* Input records:

[Start of Attachment]

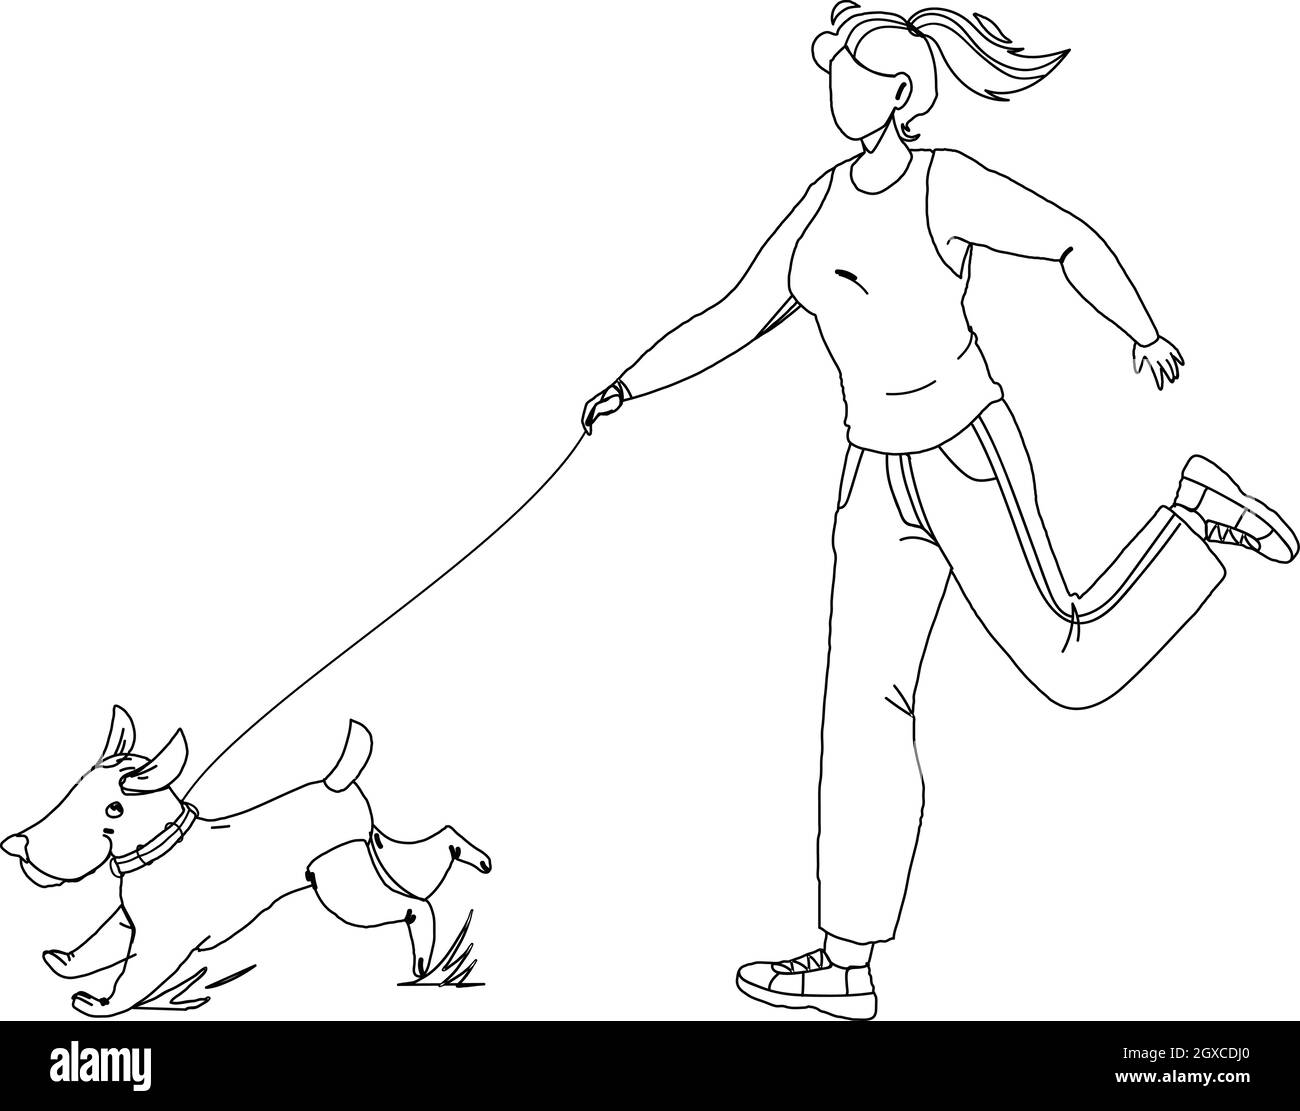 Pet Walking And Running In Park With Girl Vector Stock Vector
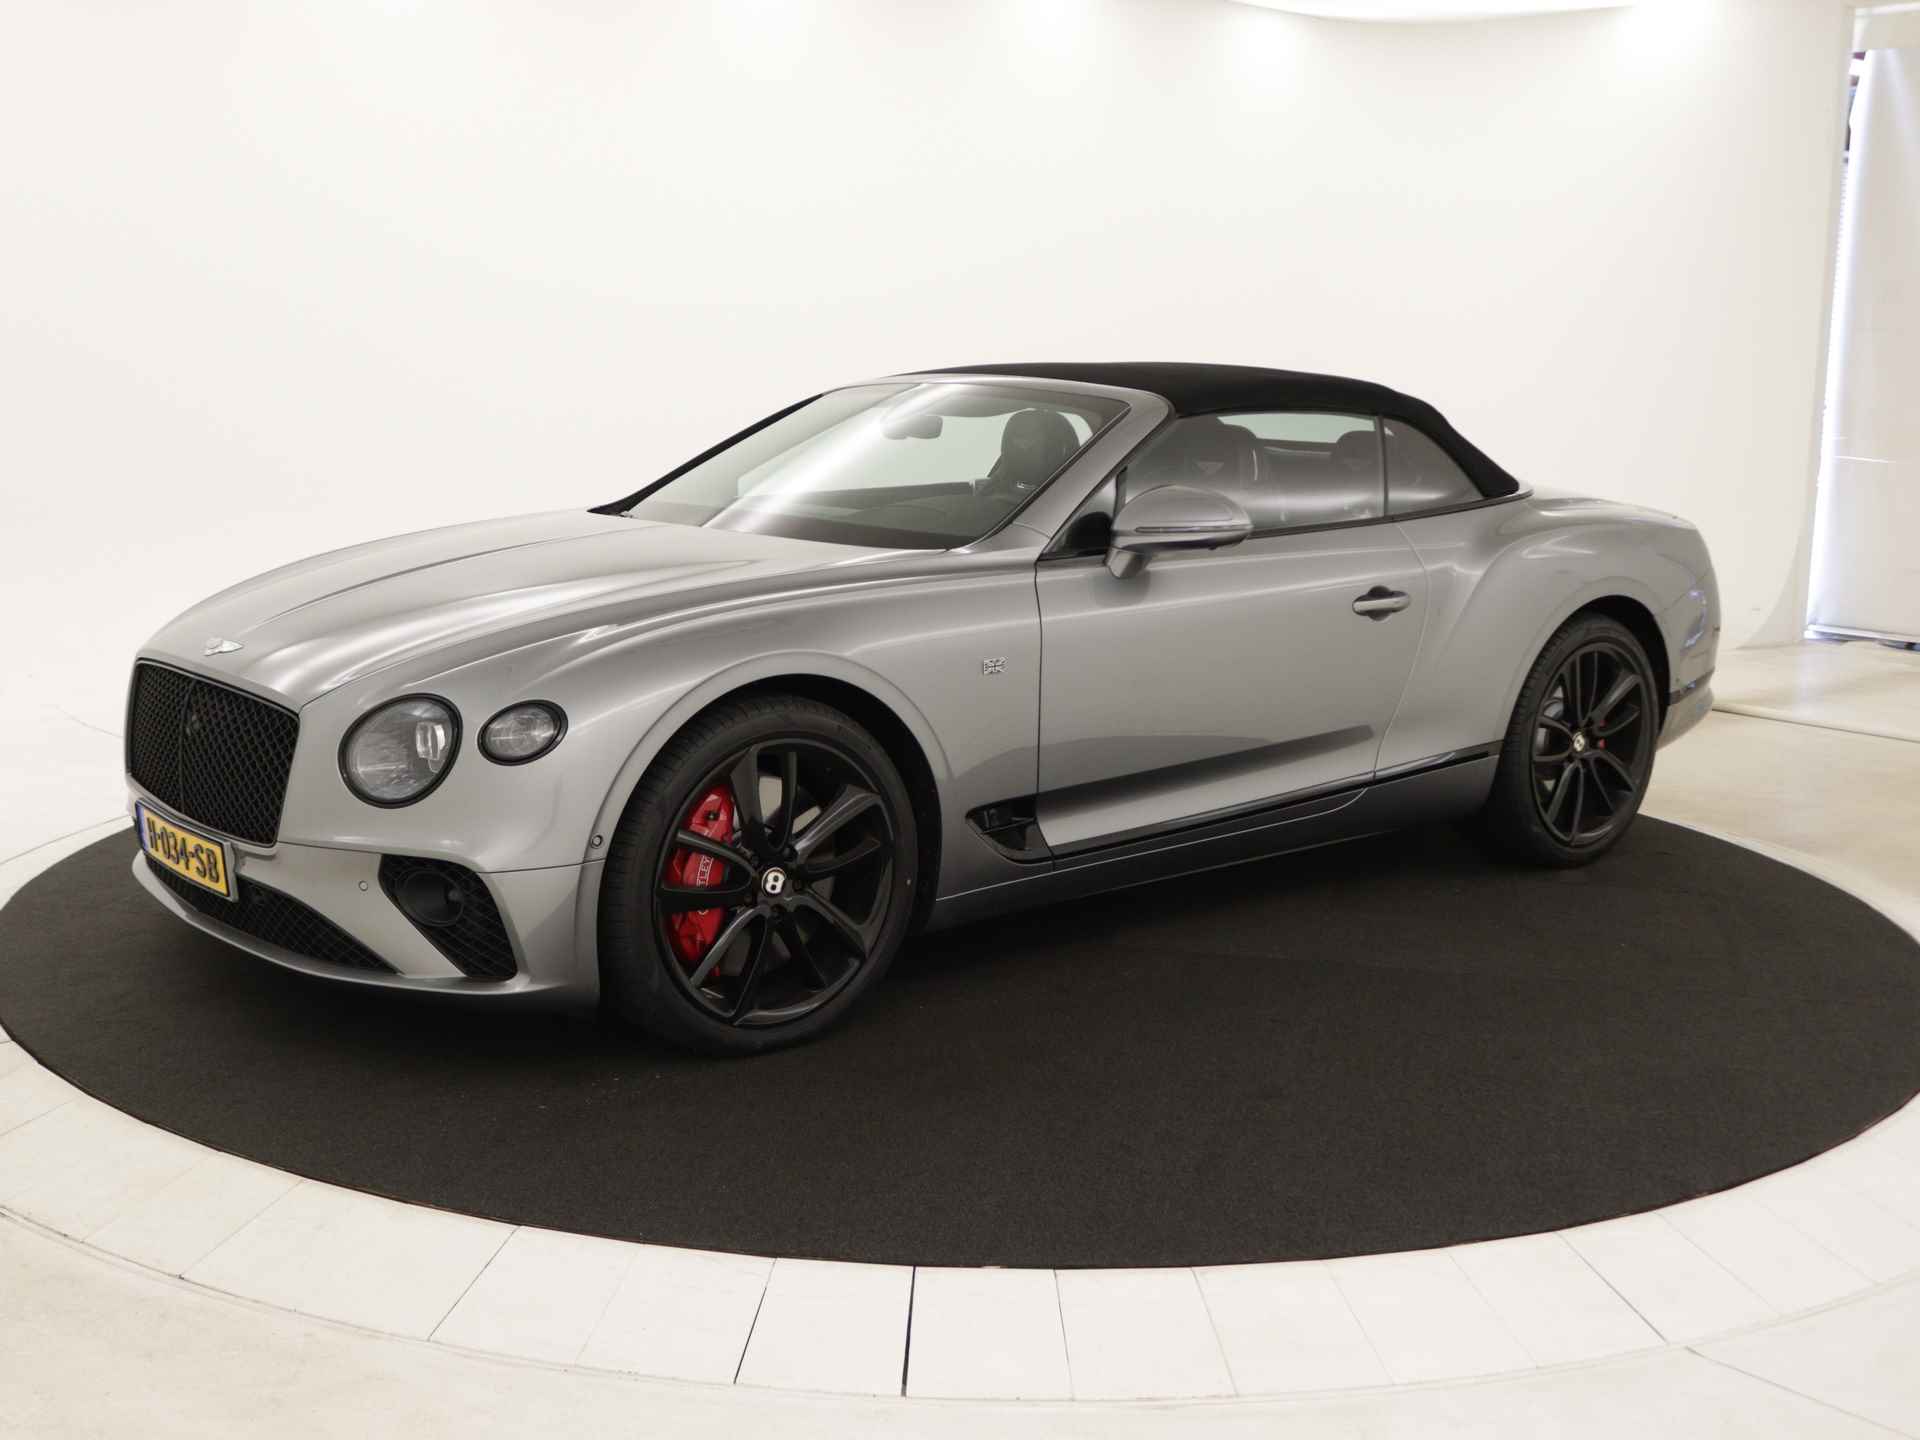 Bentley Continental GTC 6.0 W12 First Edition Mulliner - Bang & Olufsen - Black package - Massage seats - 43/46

[End of Attachment]
[Start of Attachment]

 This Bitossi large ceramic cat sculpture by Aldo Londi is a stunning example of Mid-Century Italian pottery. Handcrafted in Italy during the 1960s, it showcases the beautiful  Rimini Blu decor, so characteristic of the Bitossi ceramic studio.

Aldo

[End of Attachment]
[Start of Attachment]

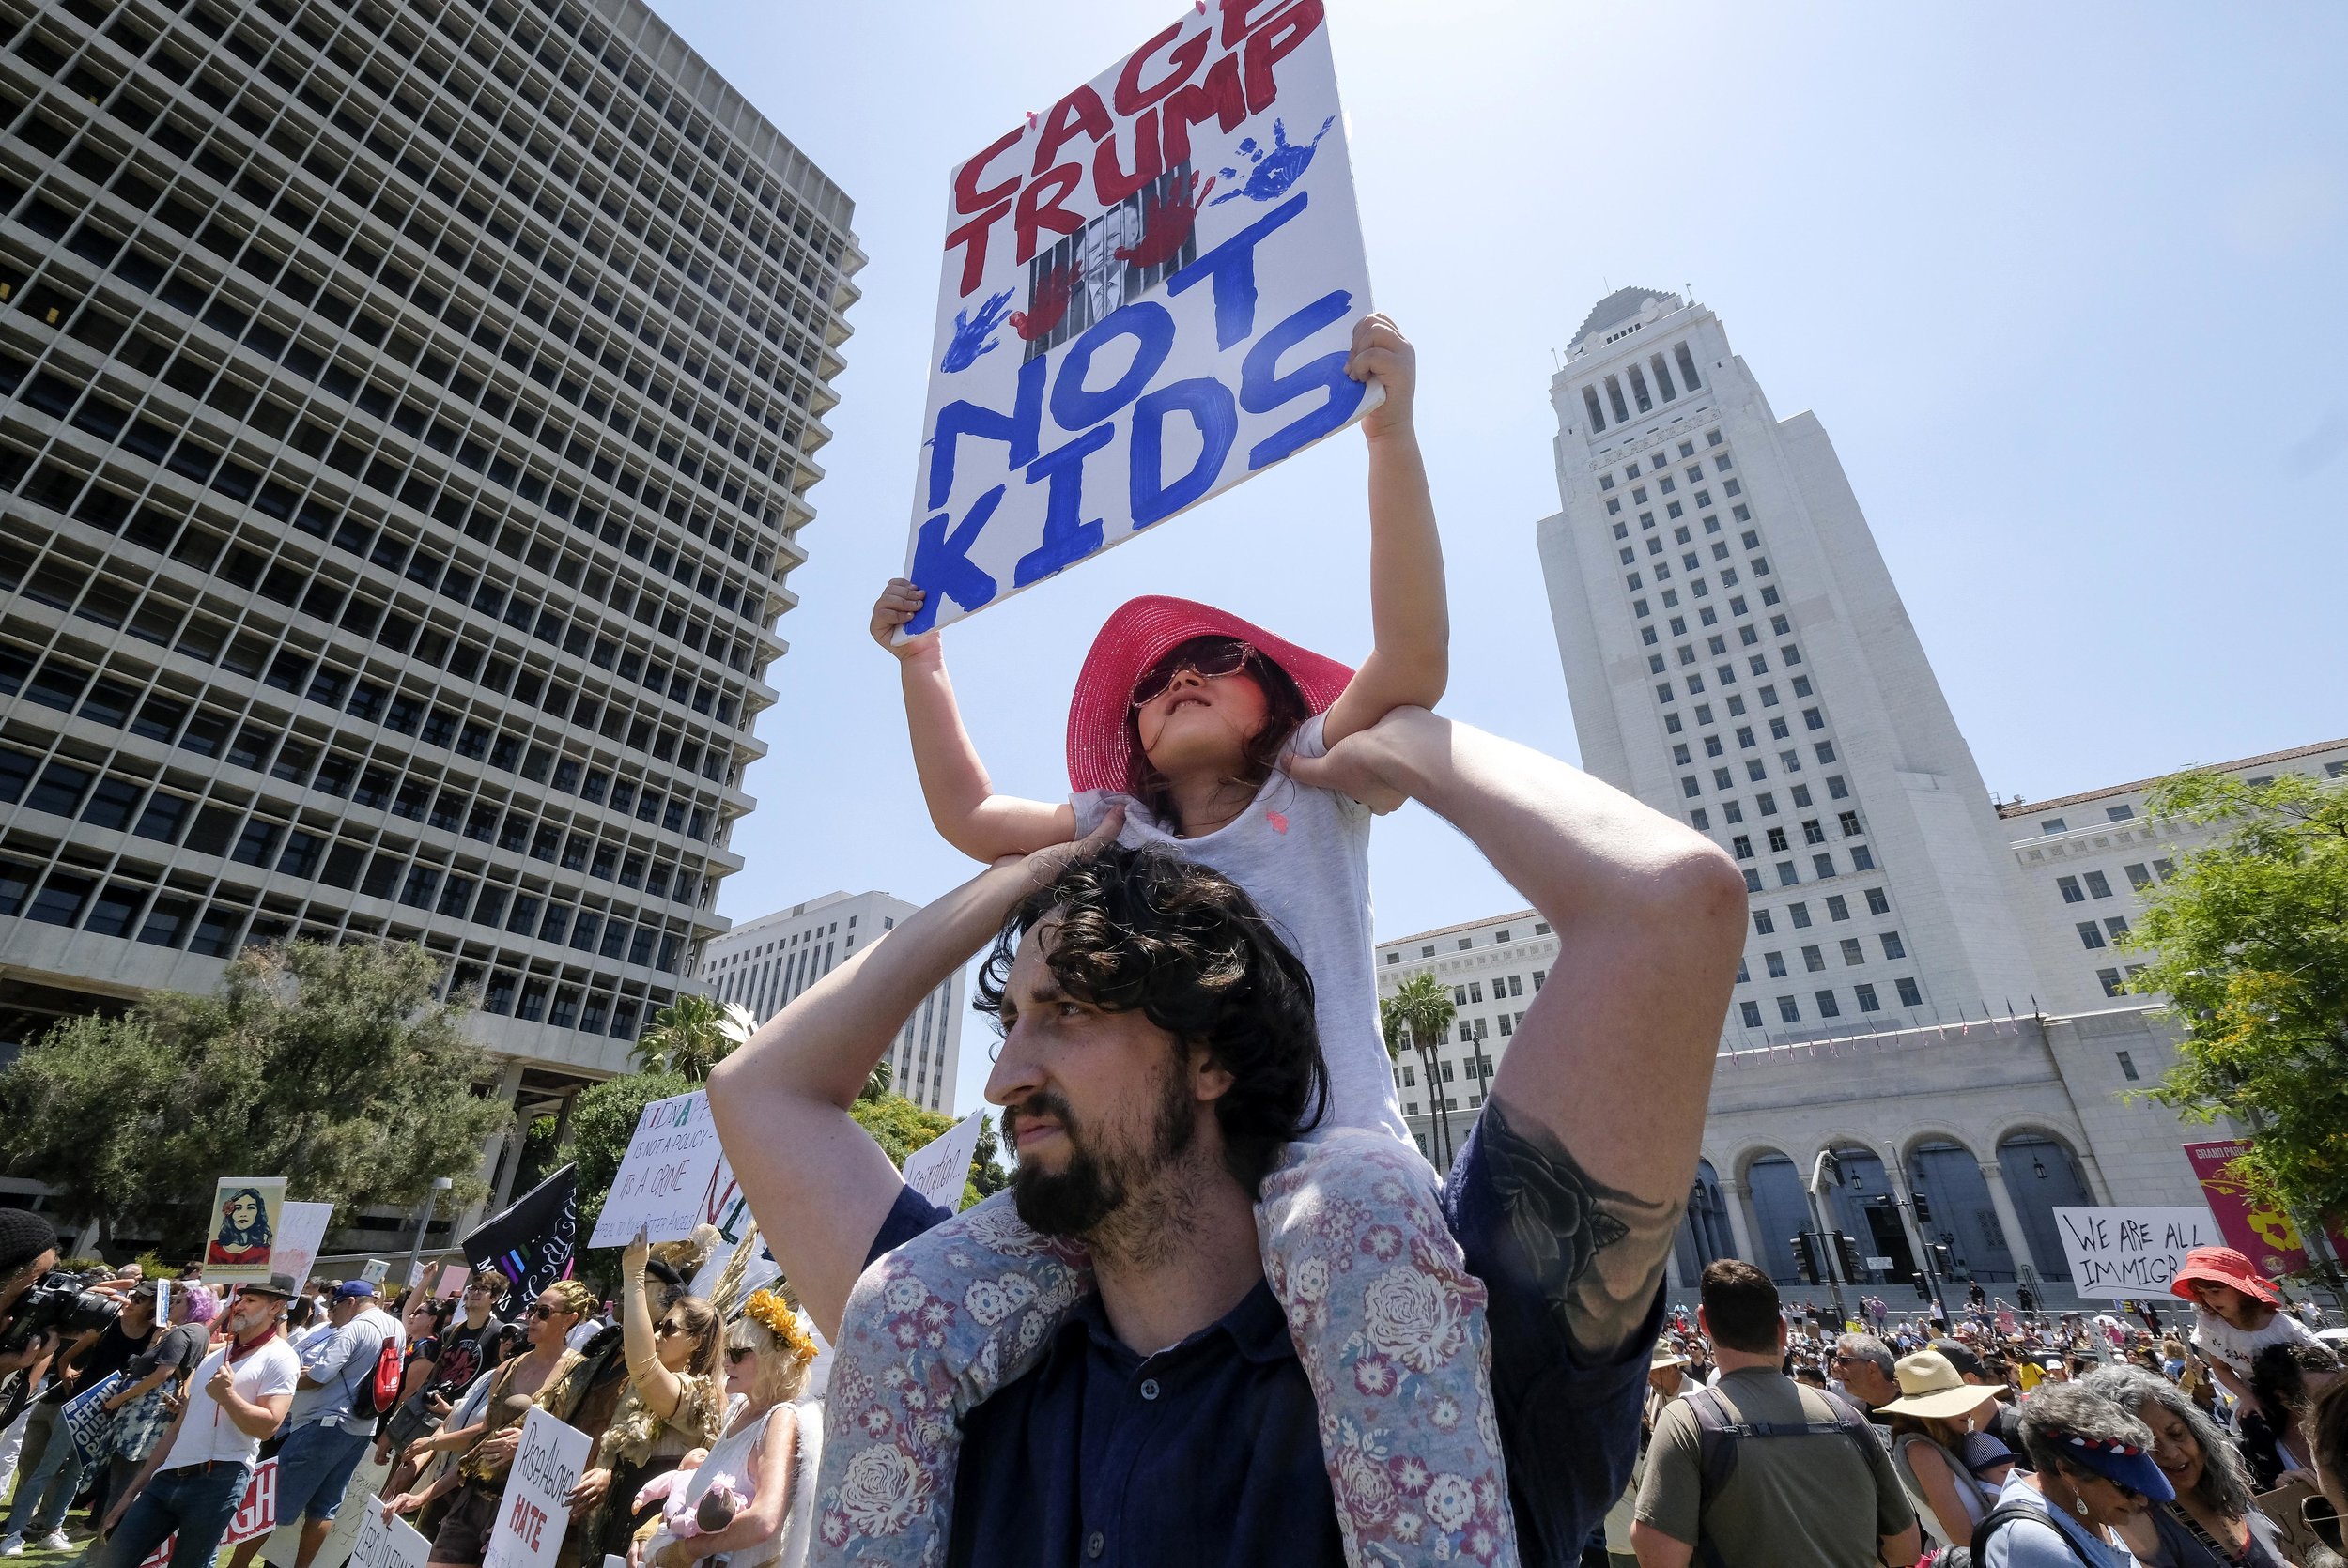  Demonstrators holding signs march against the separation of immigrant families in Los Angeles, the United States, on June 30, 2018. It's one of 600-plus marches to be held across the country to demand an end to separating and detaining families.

[End of Attachment]

* Instructions for the task: Leaving all pictures out, output exactly the lines of the material above from the line with "Pet Walking And" to the line with "Bentley Continental GTC", both included.

* Written reply:
 Pet Walking And Running In Park With Girl Vector Stock Vector
 Bentley Continental GTC 6.0 W12 First Edition Mulliner - Bang & Olufsen - Black package - Massage seats - 43/46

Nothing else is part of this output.